At the same time, Jalbert said ordinary citizens cannot be expected to react heroically in the midst of terror. "When something like that happens, it is like a bomb going off," he added. "People in those situations panic; they either freeze or go wild."

Guards:
For his part, the University of Montreal's chief of security guards, Laurent Lemaire, told Maclean's that Lepine's massacre was unstoppable. Added Lemaire: "if you can get away from a man who is killing people with a gun, that is what you do. The people around you no longer matter." Lemaire added that the university's expansive campus is difficult to secure. Said Lemaire: "You cannot screen the 45,000 people who come and go here every day. It is a city in itself."

Weapons:
Restricting the availability of weapons like the gun that Marc Lepine utilized to such lethal effect is another matter, however. The federal government is currently reviewing existing gun-control legislation, passed in 1978, and is expected to present new legislation soon. Justice Minister Douglas Lewis promised in the House of Commons last week that tougher laws were in the making. He said the main change will seek to thwart the import of semiautomatic weapons that can readily be converted to full, automatic firing. At the same time, while lamenting the massacre at the University of Montreal, he added , We can't legislate against insanity."

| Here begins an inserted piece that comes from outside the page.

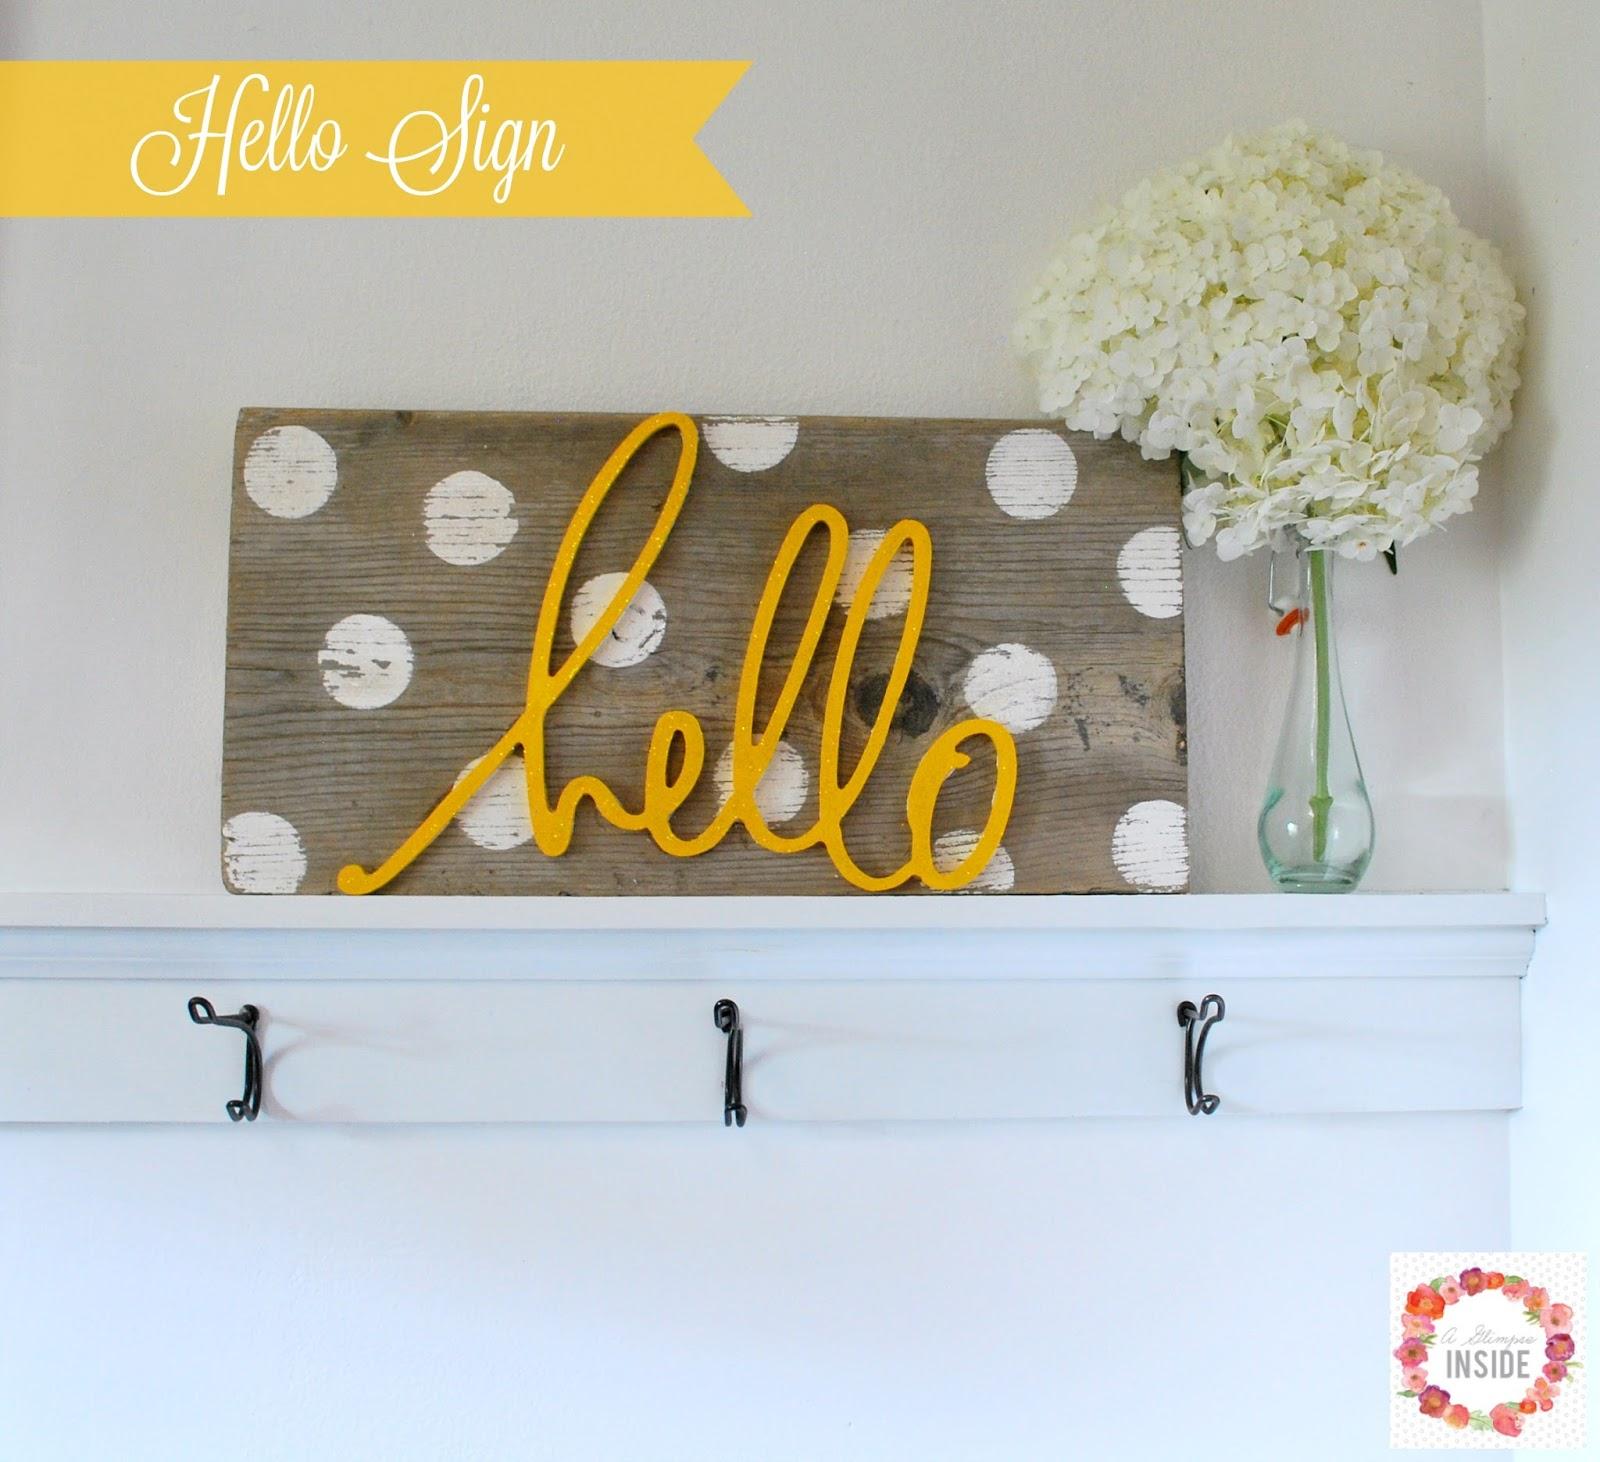 http://www.aglimpseinsideblog.com/2016/07/polka-dot-hello-sign.html

Coping with the results of the particular form of insanity that occurred in Montreal last week is no less difficult. In the aftermath of the massacre, those most closely affected struggled to come to grips with what happened. Psychological counselling programs have been established for the victims' families, for the surviving students and even for the police officers who witnessed the carnage. For the rest, there was little to do but mourn. The closed coffins of nine of the 14 dead women were arranged late last week in the chapel beneath the University of Montreal's main tower. On Saturday, private viewings were held for immediate family. On Sunday, the general public was admitted. On Monday, the city's Paul Cardinal Gregoire will celebrate mass at Notre Dame before a congregation that was expected to include Quebec Premier Robert Bourassa and Prime Minister Muironey. The funeral service will bring an end to the official period of mourning. It will not erase the memory of the horror that fell upon the University of Montreal's engineering school.